Aim of the exercise
Please reproduce the lines from the one containing "HellermannTyton 115-28590 SOFTFIX-XL-TPU-BKIII" through the end of the data below exactly as they stand, and omit all pictures.

Collected material
▽
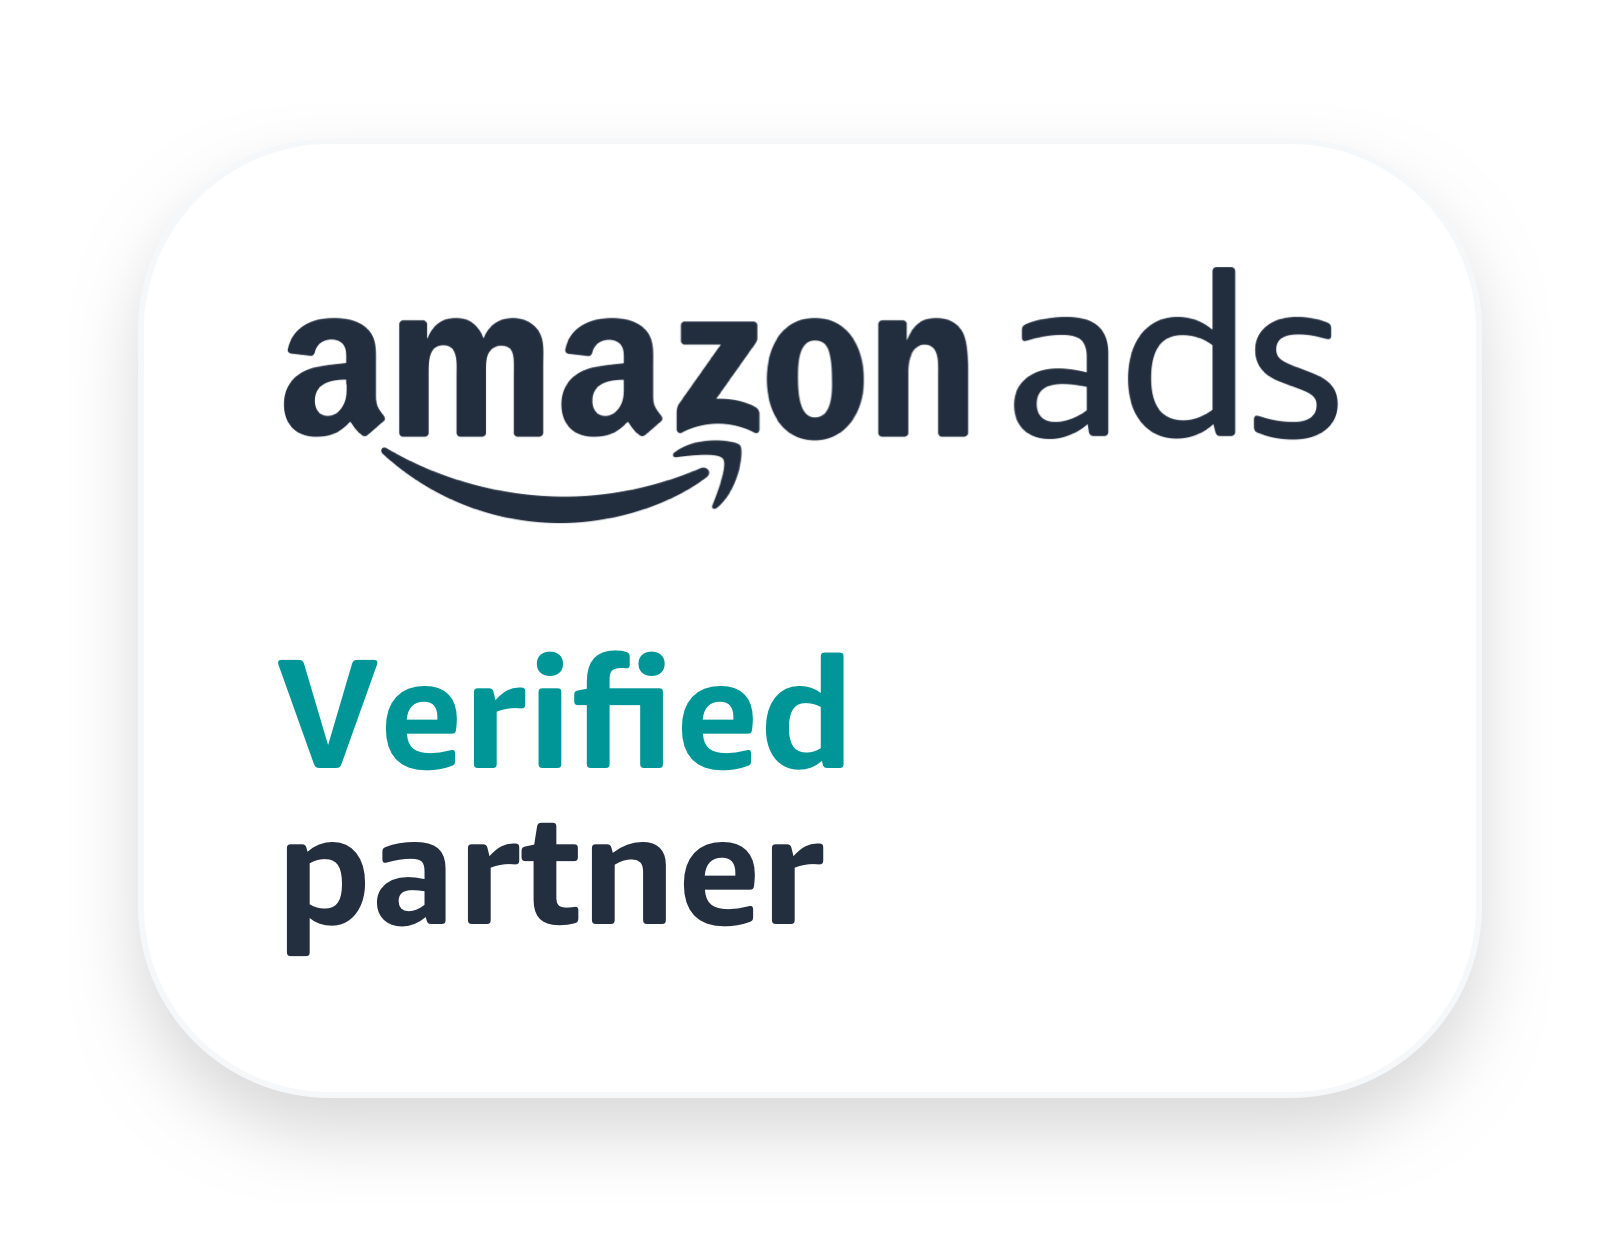 Amazon Ads - Verified Partner
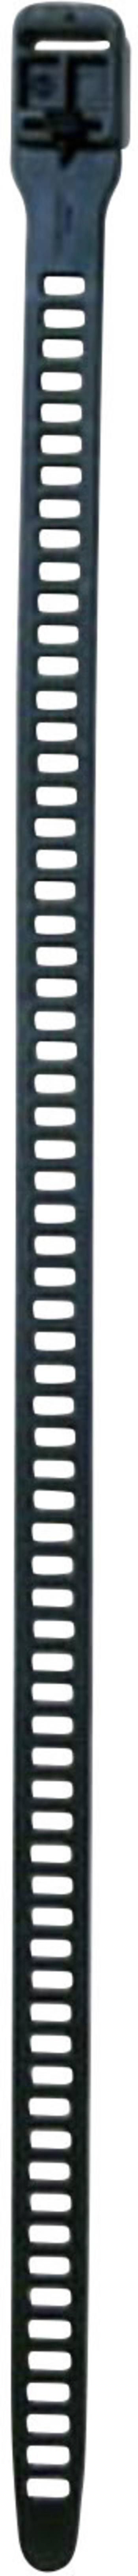 HellermannTyton 115-28590 SOFTFIX-XL-TPU-BKIII sťahovacie pásky 580 mm 28 mm čierna rozpojiteľné, veľmi flexibilné, so s
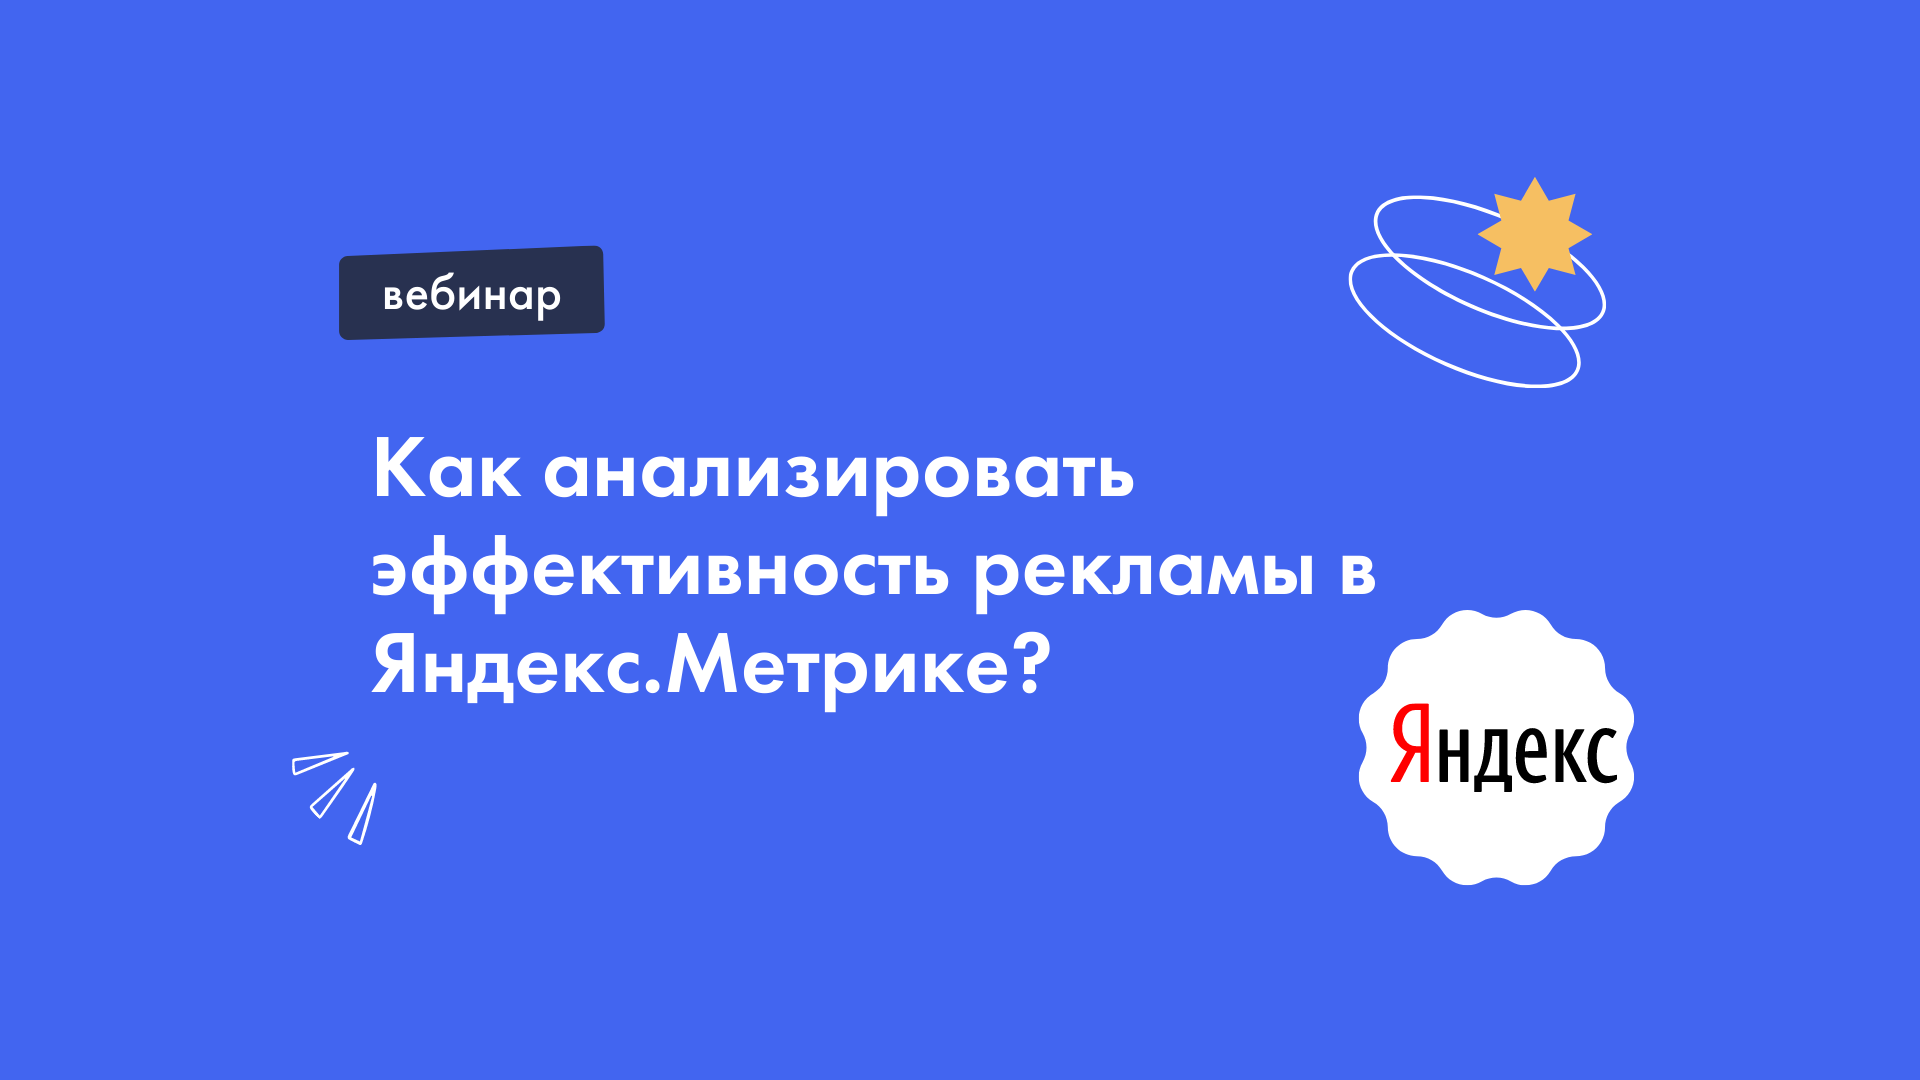 Как анализировать эффективность рекламы в Яндекс.Метрике?
△
Response to this exercise
 HellermannTyton 115-28590 SOFTFIX-XL-TPU-BKIII sťahovacie pásky 580 mm 28 mm čierna rozpojiteľné, veľmi flexibilné, so s
 Как анализировать эффективность рекламы в Яндекс.Метрике?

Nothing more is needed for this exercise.